On Tue, Jul 26, 2011 at 08:05:59PM +0200, Johannes Weiner wrote:
> On Tue, Jul 26, 2011 at 04:47:41PM +0100, Mel Gorman wrote:
> > On Mon, Jul 25, 2011 at 10:19:14PM +0200, Johannes Weiner wrote:
> > > Hello!
> > > 
> > > Writing back single file pages during reclaim exhibits bad IO
> > > patterns, but we can't just stop doing that before the VM has other
> > > means to ensure the pages in a zone are reclaimable.
> > > 
> > > Over time there were several suggestions of at least doing
> > > write-around of the pages in inode-proximity when the need arises to
> > > clean pages during memory pressure.  But even that would interrupt
> > > writeback from the flushers, without any guarantees that the nearby
> > > inode-pages are even sitting on the same troubled zone.
> > > 
> > > The reason why dirty pages reach the end of LRU lists in the first
> > > place is in part because the dirty limits are a global restriction
> > > while most systems have more than one LRU list that are different in
> > > size.

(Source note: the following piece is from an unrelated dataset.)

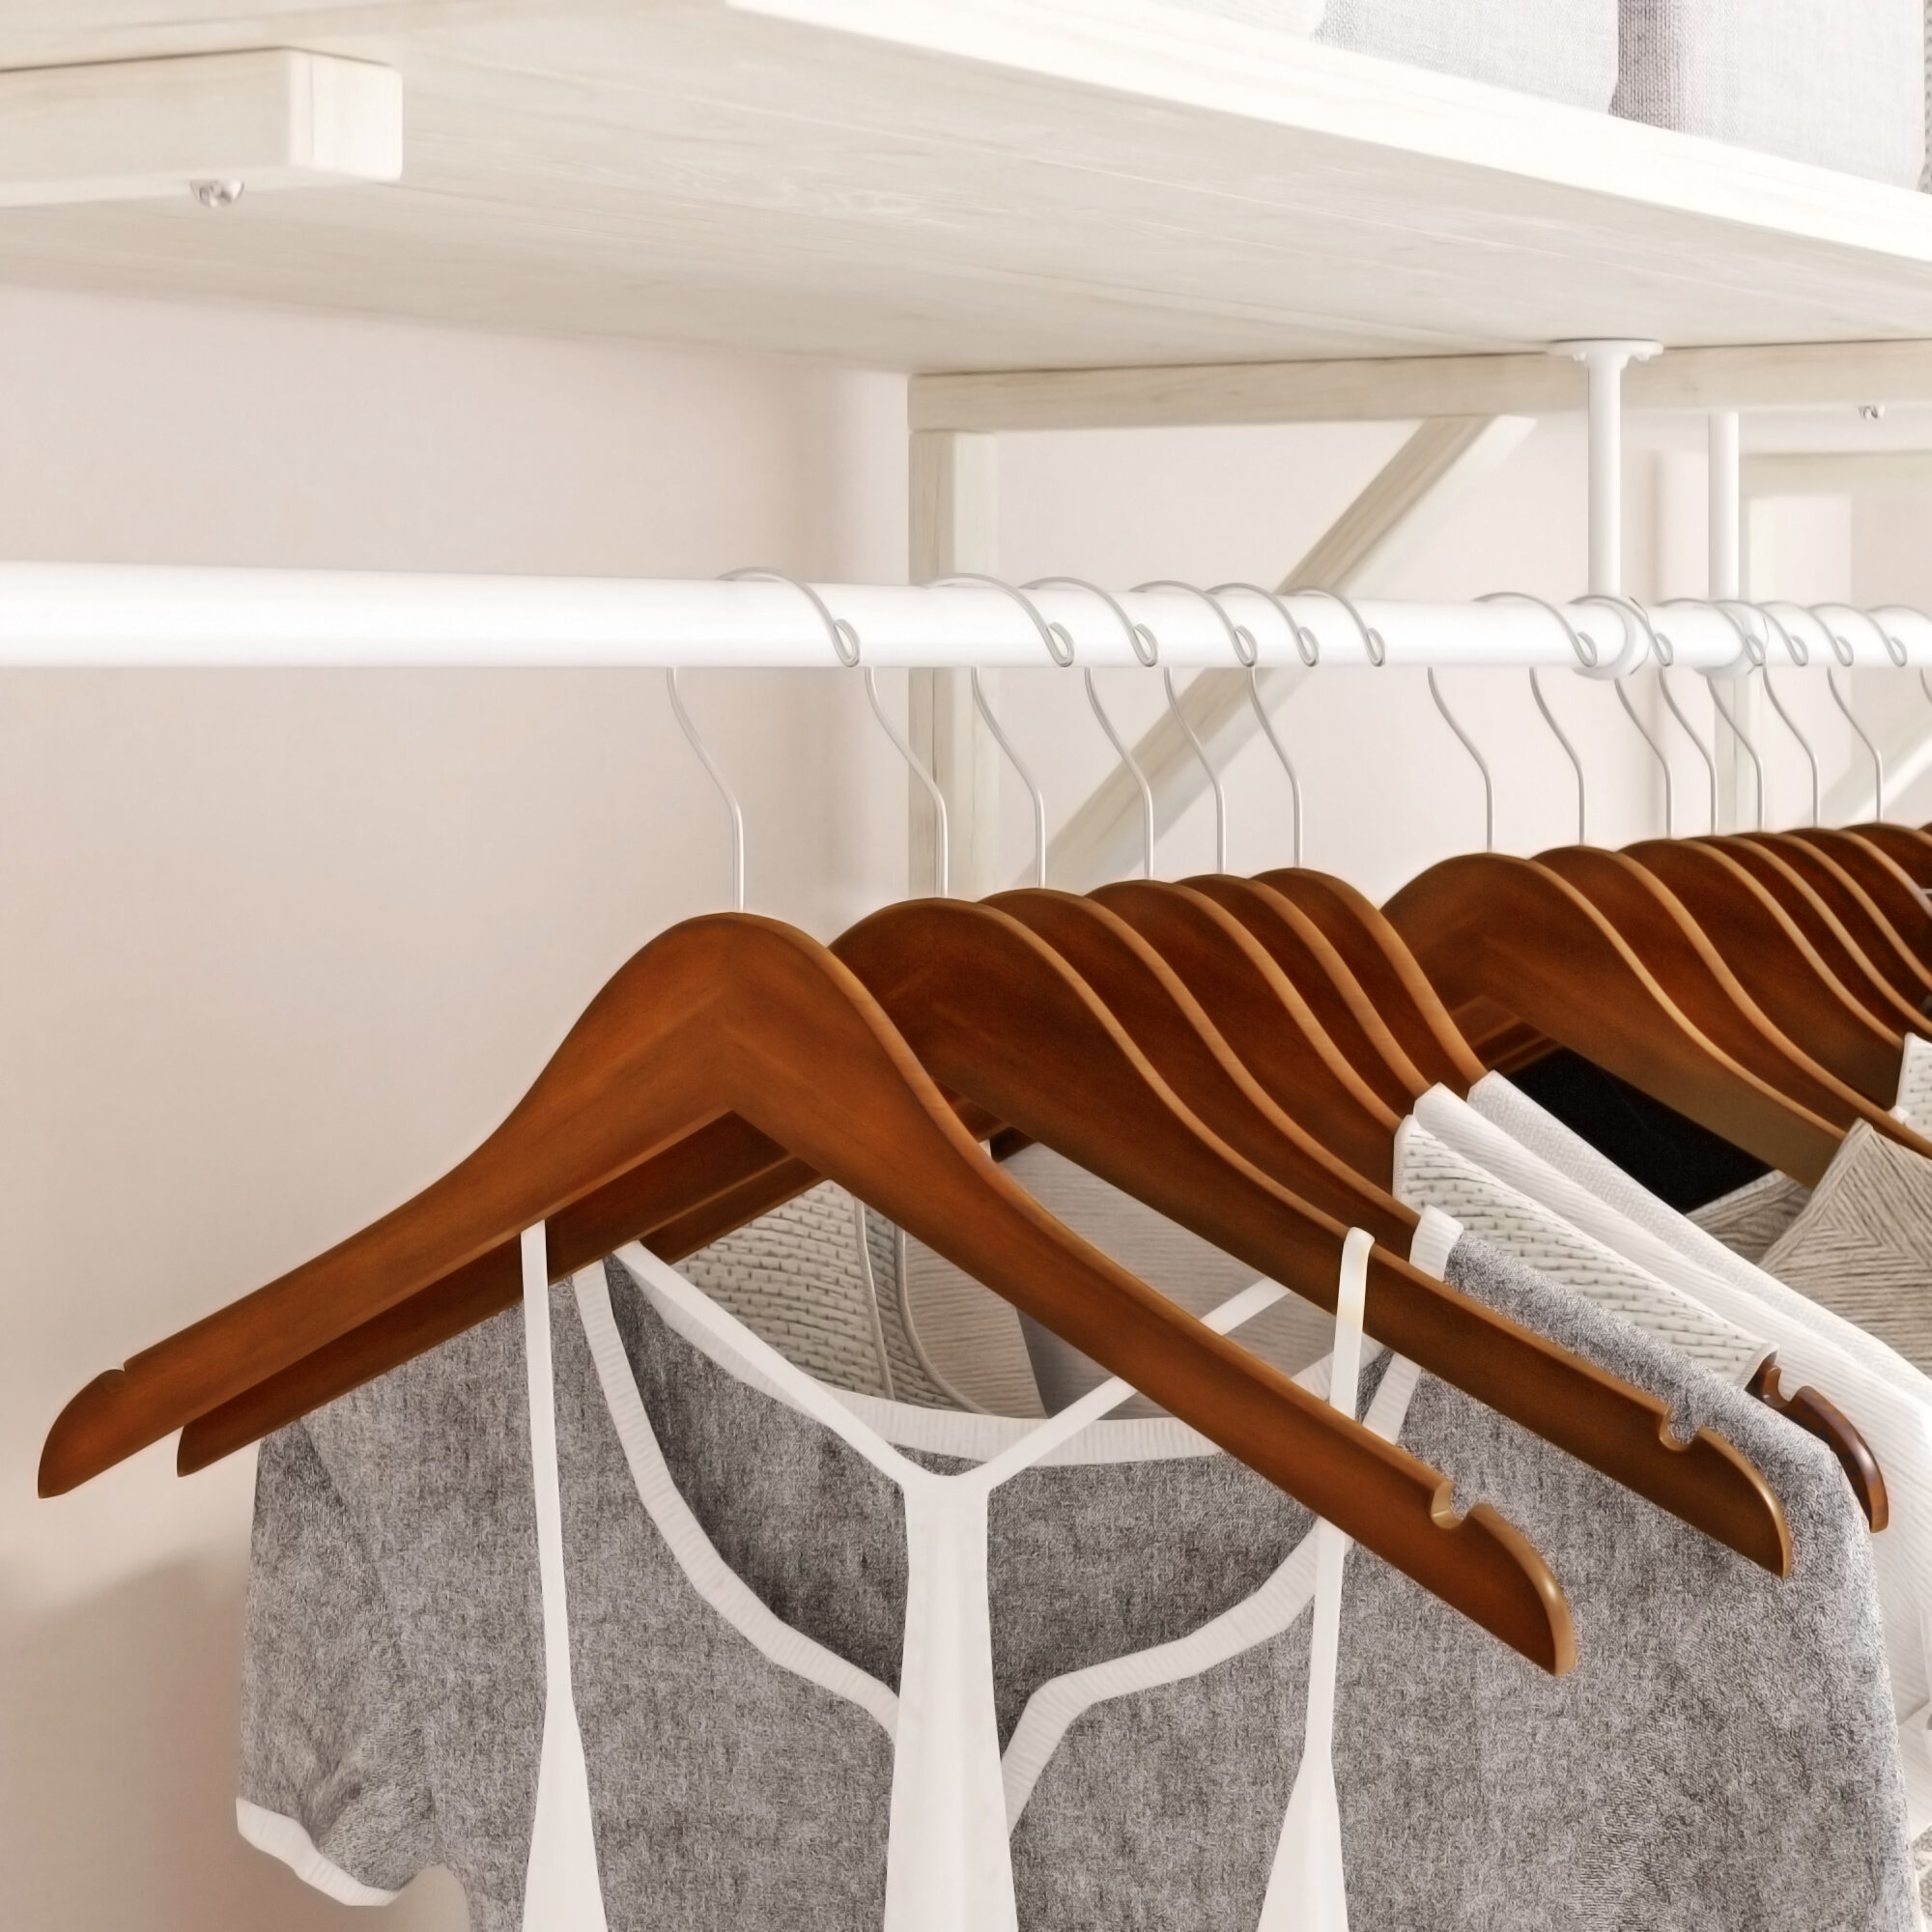 100 17" Flat Wood Retail Shirt Hangers Natural Finish w chrome swivel hook 
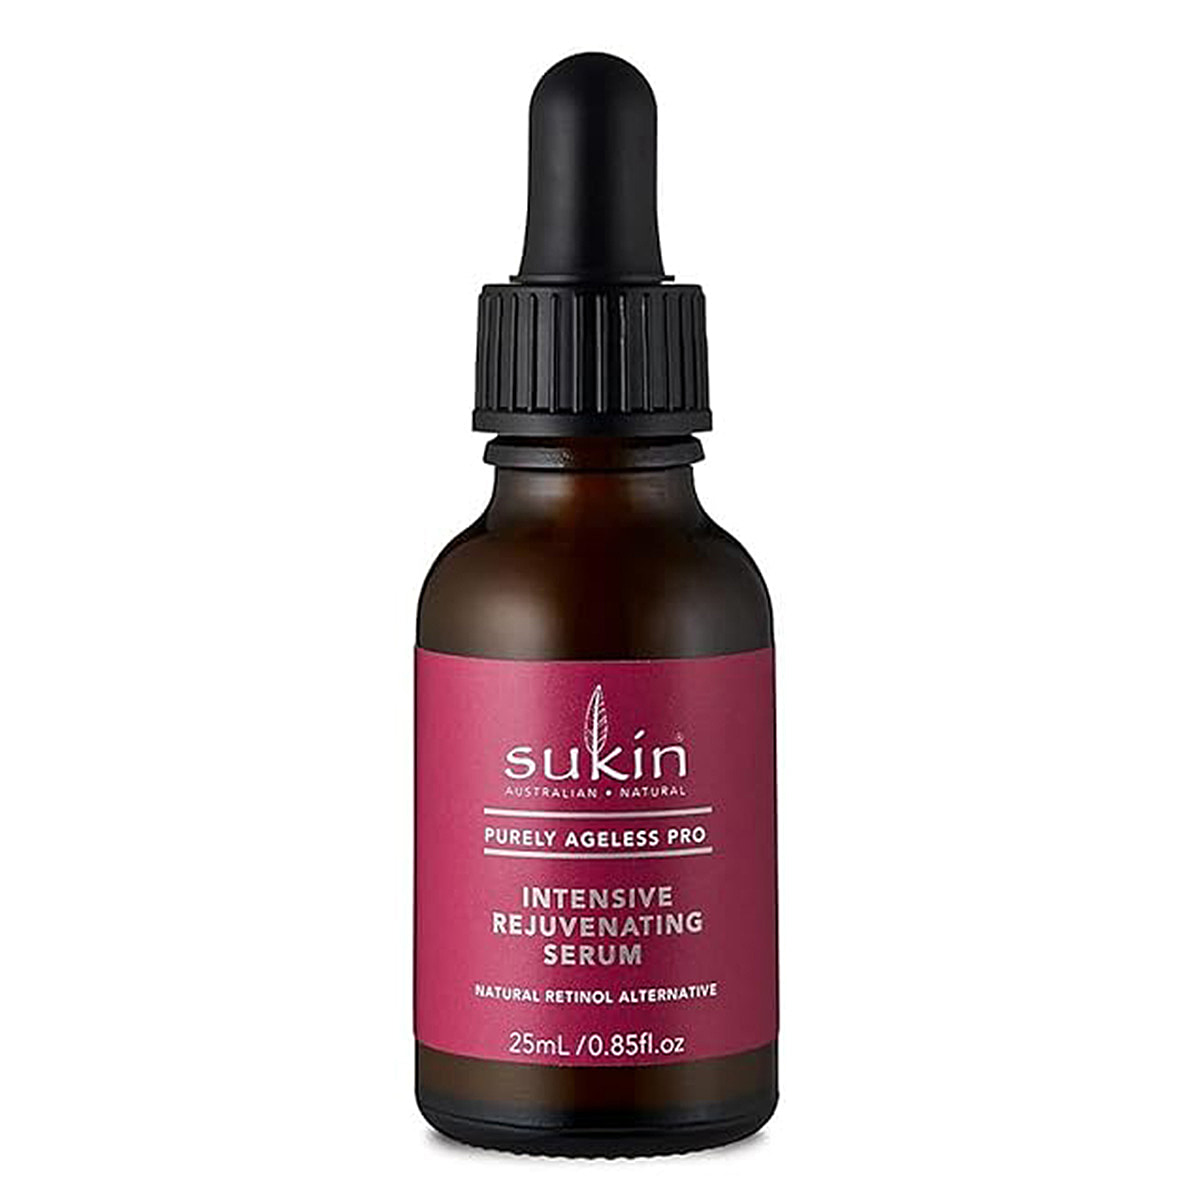 Sukin-Purely Ageless Pro Intensive Rejuvenating Serum 25ml

Multiple nodes have multiple zones have multiple file lists but
> > > at the same time there is nothing to balance the dirty pages between
> > > the lists except for reclaim writing them out upon encounter.
> > > 
> > > With around 4G of RAM, a x86_64 machine of mine has a DMA32 zone of a
> > > bit over 3G, a Normal zone of 500M, and a DMA zone of 15M.
> > > 
> > > A linear writer can quickly fill up the Normal zone, then the DMA32
> > > zone, throttled by the dirty limit initially.  The flushers catch up,
> > > the zones are now mostly full of clean pages and memory reclaim kicks
> > > in on subsequent allocations.  The pages it frees from the Normal zone
> > > are quickly filled with dirty pages (unthrottled, as the much bigger
> > > DMA32 zone allows for a huge number of dirty pages in comparison to
> > > the Normal zone).  As there are also anon and active file pages on the
> > > Normal zone, it is not unlikely that a significant amount of its
> > > inactive file pages are now dirty [ foo=zone(global) ]:
> > > 
> > > reclaim: blkdev_writepage+0x0/0x20 zone=Normal inactive=112313(821289) active=9942(10039) isolated=27(27) dirty=59709(146944) writeback=739(4017)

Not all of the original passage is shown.